While some stayed in St Catz to continue their courses, our Law School Preparation students visited the UK’s central criminal court yesterday to get a taste of the real-life court environment and its procedures. The Old Bailey in London deals with the most serious criminal cases in the region of Greater London, and in exceptional circumstances takes in those of the rest of England and Wales as well.
Yesterday, students braced themselves to hear about a series of grim and gruesome murders, armed robberies, and acts of terrorism. For example, they sat in on the sentencing of Royal Marine Ciaran Maxwell, an Irish Republican accused of making 14 pipe bombs for use against British police officers and military staff. The soldier, who appeared at the trial via a live feed from Woodhill Prison in Milton Keynes, admits preparing acts of terrorism.
Also facing their fates at the Old Bailey yesterday was a gang of cannabis-growers who worked across Kent and Norfolk to produce “industrial quantities” of the illegal drug, raking in over £25 million a year from their enterprise.
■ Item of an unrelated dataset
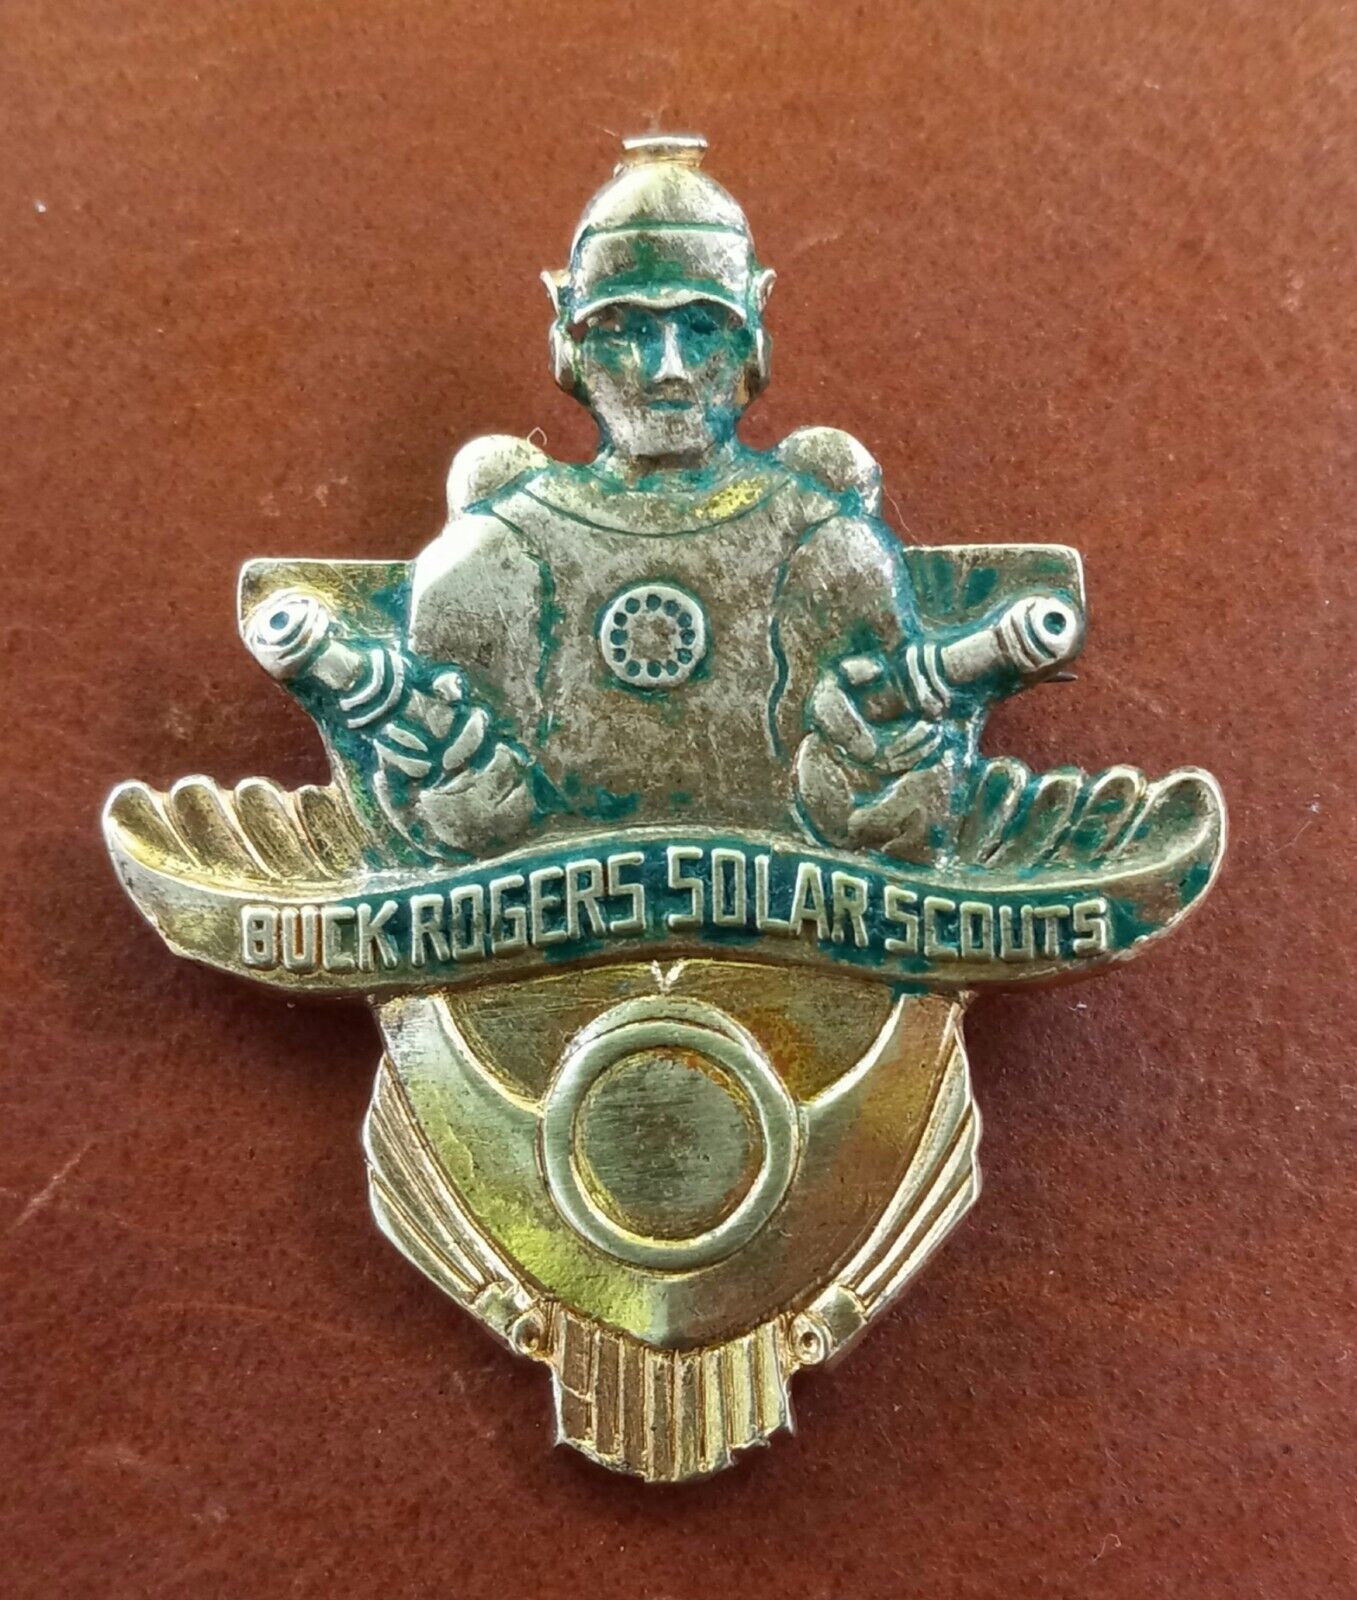 Vintage 1930s Buck Rogers Solar Scouts Brass Pin Badge

This case provoked discussion amongst students over the possible benefits of legalising cannabis, a measure proving popular in certain states in the US; legalisation is an alternative policy to the ongoing “war on drugs”, and is thought by its proponents to avoid such negative socio-economic effects as the creation of a permanent underclass of drug criminals, high costs to taxpayers from inflated rates of incarceration, and adverse impact on the livelihoods of the growers themselves.
Back in St Catz, students engaged in battles of their own, putting each other to the mock-sword in a stage-combat workshop.